Evidence suggests that scaling up eventually offers diminishing returns; Anthropic and Google reportedly just recently trained gargantuan models that failed to meet internal benchmark expectations. But there is little indication that the industry is at all poised to meaningfully abandon these entrenched scaling approaches.
Exactly how accurate, exactly?
So, if labs are leery of training models on smaller sets of data, is there a way models could be made less susceptible to degradation? Possibly. Kumar says that he and coauthors found that training models in "low precision" can make them more robust. Bear with us for a moment as we dive in a bit.
"Precision" in this context means the number of digits a numeric data type can represent exactly. A data type is a set of data values, typically defined by a set of possible values and allowed operations; for example, data type FP8 uses only 8 bits to represent a floating-point number.
Most current models are thus trained at 16-bit or "half precision" and "post-train quantized" to 8-bit precision. Certain model components (e.g., its parameters) are converted to a lower-precision format at the cost of some accuracy. Think of it as doing the math down to a few decimal places but rounding off the last digit to the nearest 10th, giving you, usually, the best of both worlds.
Hardware vendors, like Nvidia, are aggressively pushing the envelope for lower precision in quantized model inference. The company's new Blackwell chip is said to support a new data type called FP4, which contains 4-bit precision, and is pitching it as a blessing for memory- and power-constrained data centers.
However, extremely low quantization precision is not altogether desirable.

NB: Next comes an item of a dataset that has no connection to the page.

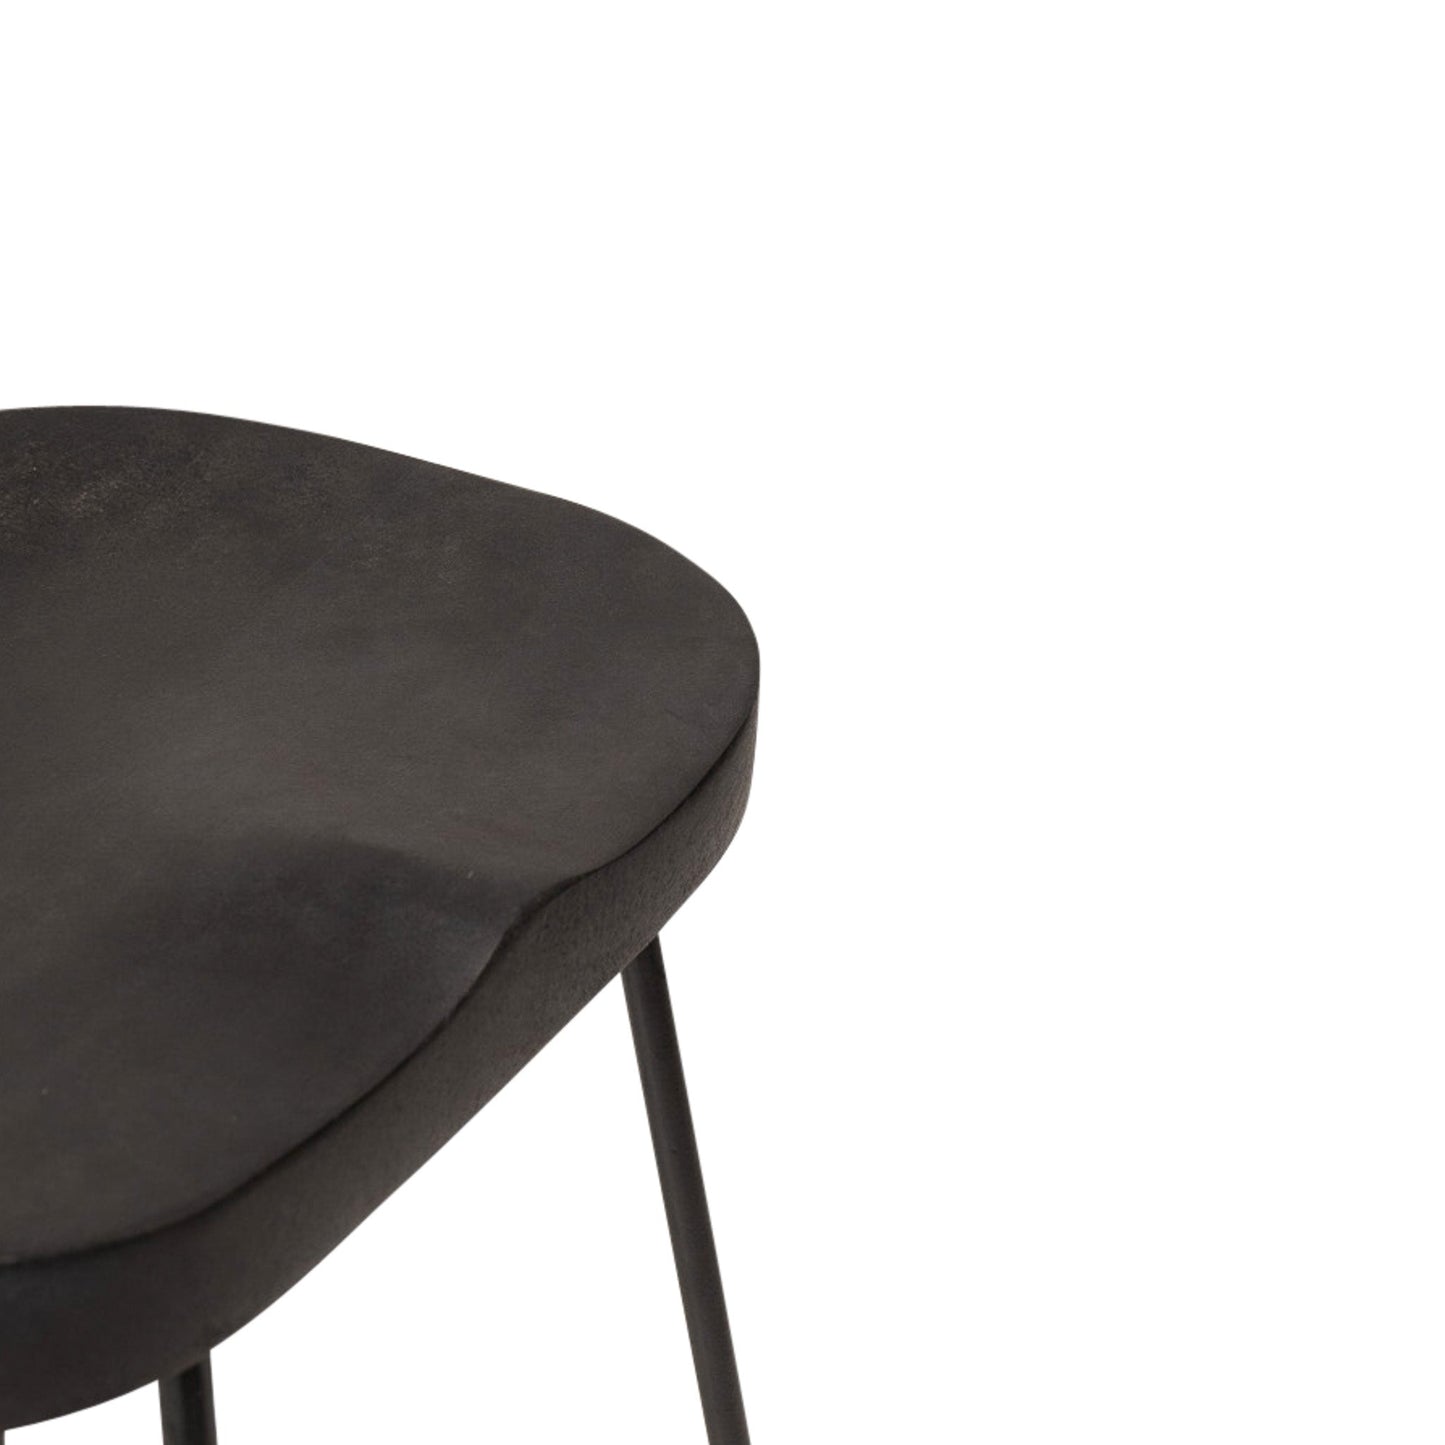 Aiden Black Wood Bar stool

According to Kumar, unless the original model is incredibly large in terms of its parameter count, precisions lower than 7- or 8-bit may see a noticeable step down in quality.
If all this sounds pretty technical, don't worry-it is. But the moral of the story is just this: that AI models are not fully understood, and known shortcuts for many kinds of computation do not work here. You wouldn't say "noon" if someone asked when they started a 100-meter dash, would you? It's not that obvious, of course, but the idea is similar:
"The key point of our work is that there are some limitations you can't get around in a naïve way," Kumar concluded. "We hope our work adds nuance to the discussion that often seeks increasingly low precision defaults for training and inference."

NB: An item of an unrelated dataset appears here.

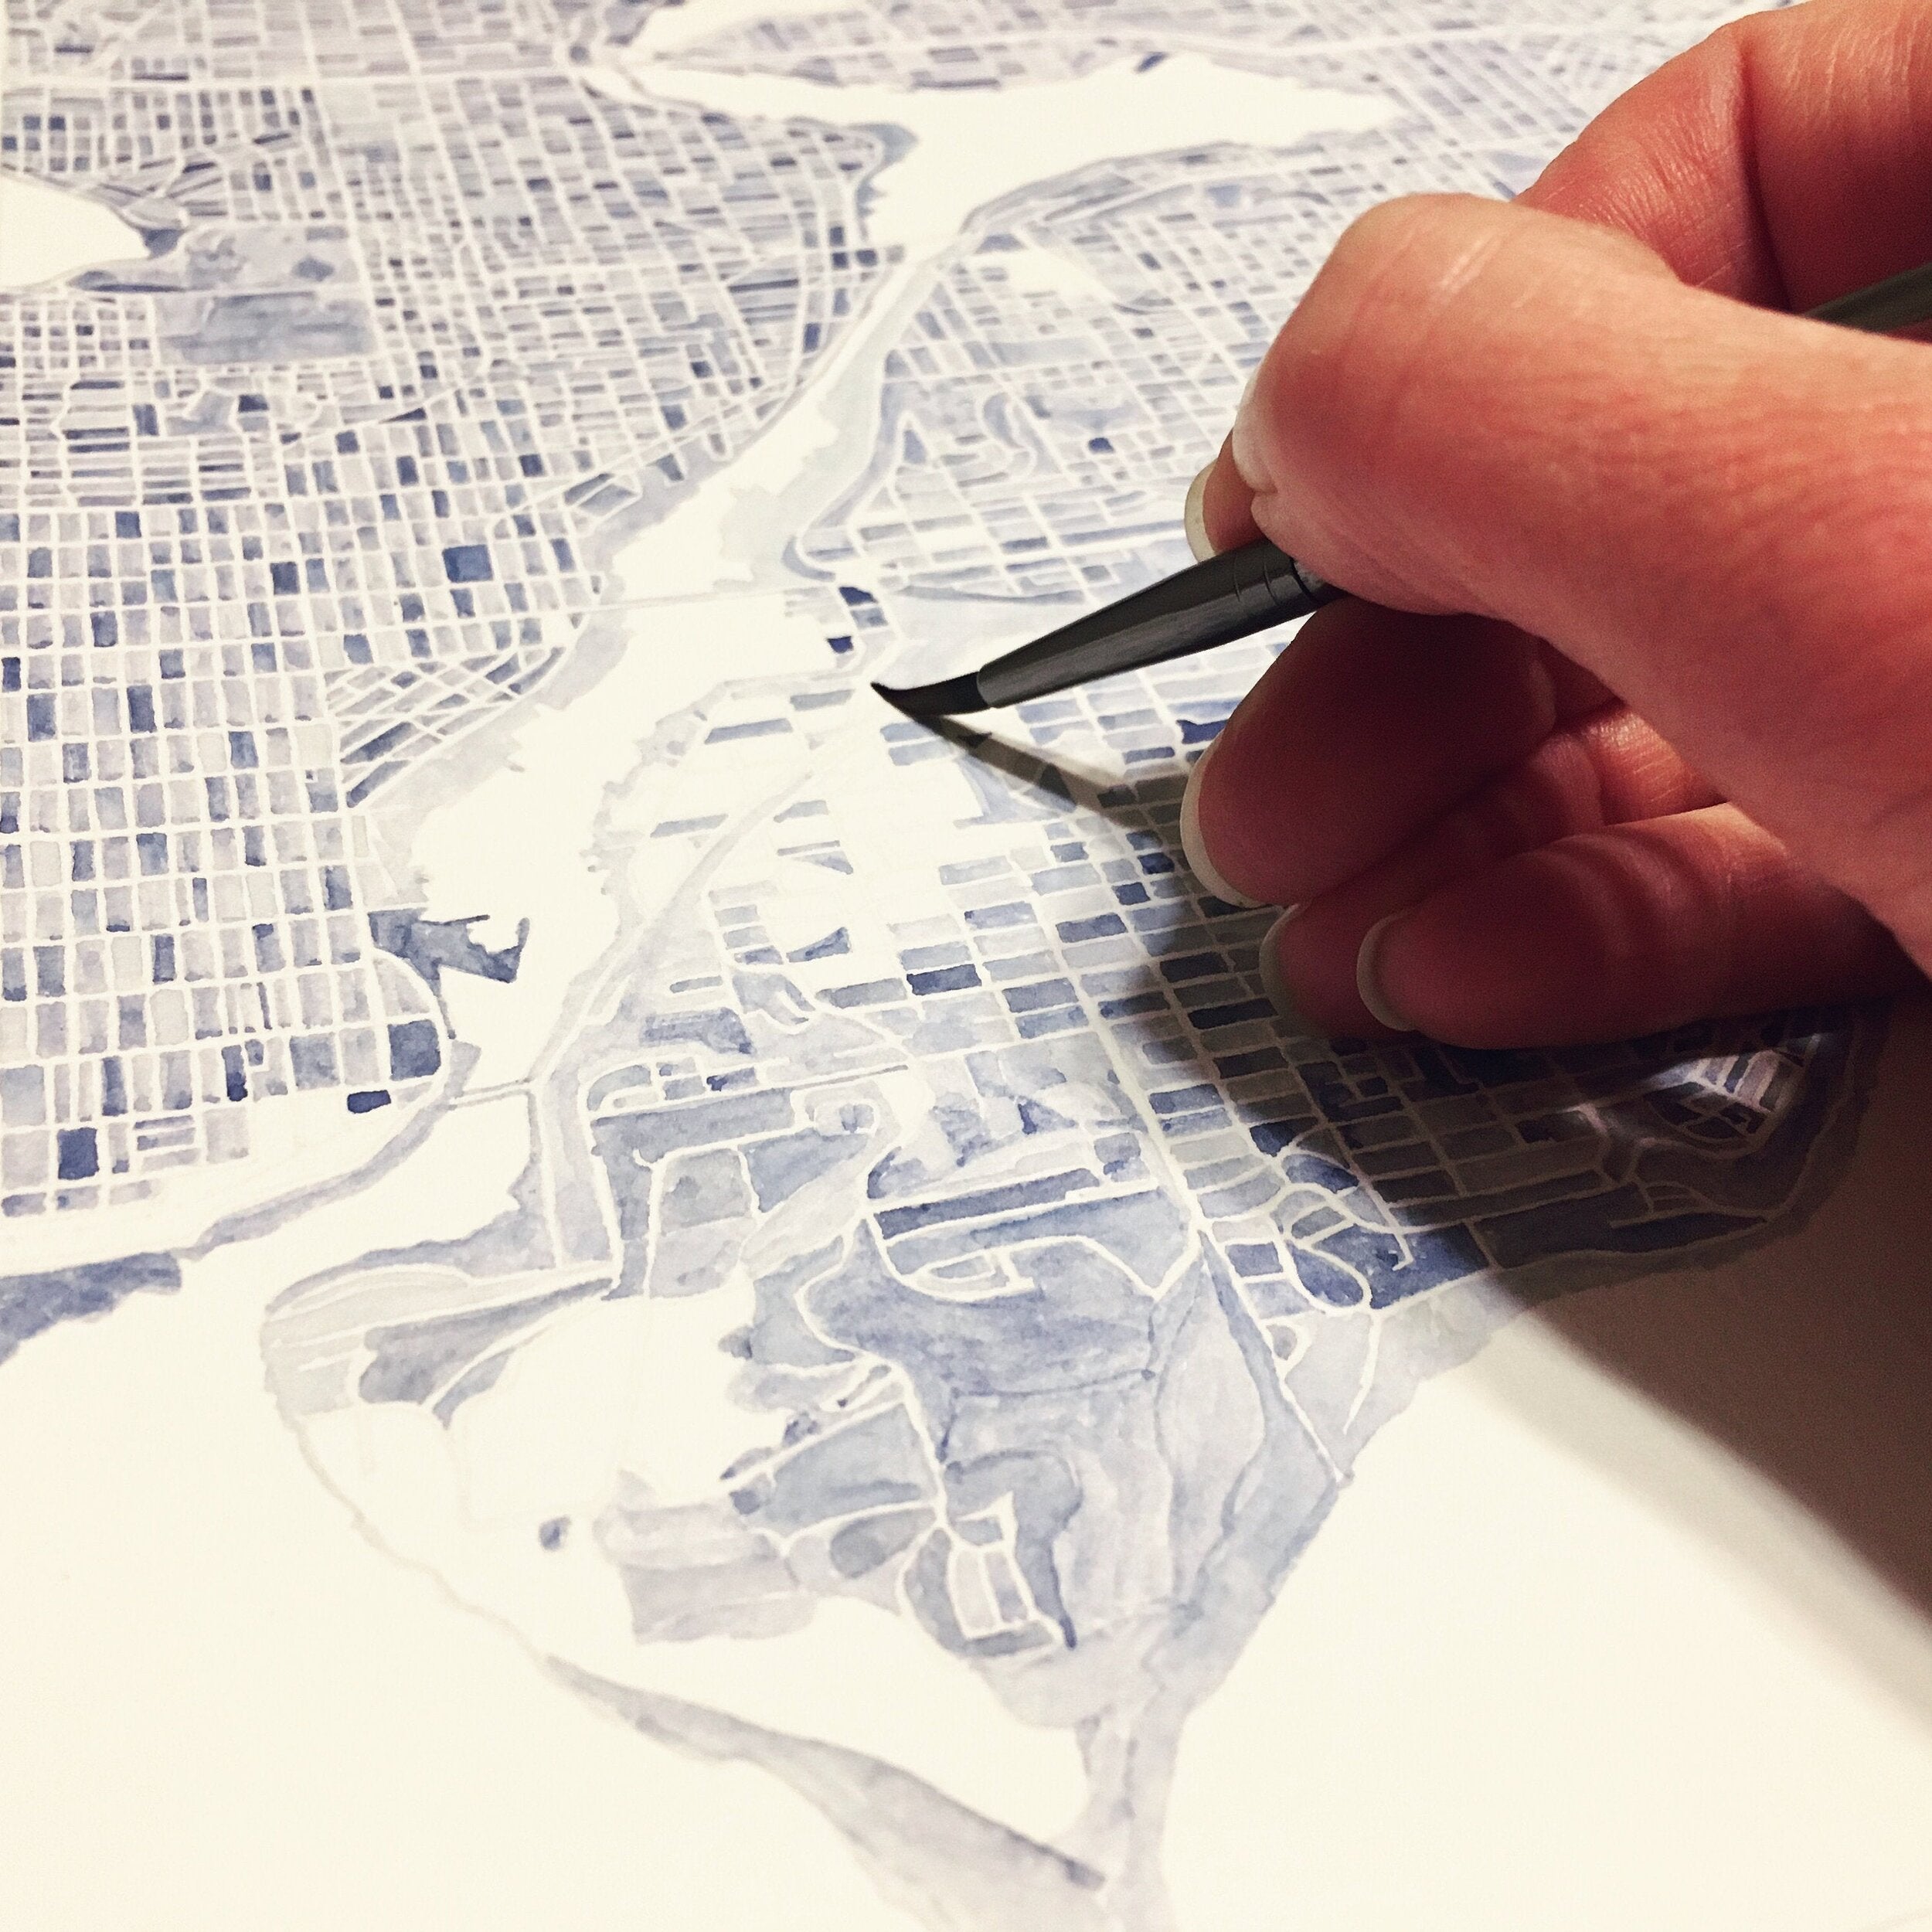 SEATTLE Watercolor City Blocks Map: ORIGINAL PAINTING (Commission)

Kumar admitted that his and his friends' study was rather at small-scale - they intend to test it with more models in the future. Still, he believes that at least one insight will hold: There's no free lunch when it comes to reducing inference costs.
"Bit precision matters, and it's not free," he said. "You cannot reduce it forever without models suffering.". Models are capped in capacity, so instead of attempting to stuff a quadrillion tokens into a tiny model, in my view far more work will go into closely curating and filtering the data so that just the very best is fed into much smaller models. New architectures explicitly aiming to stabilize low-precision training will, I hope, prove important in the near future.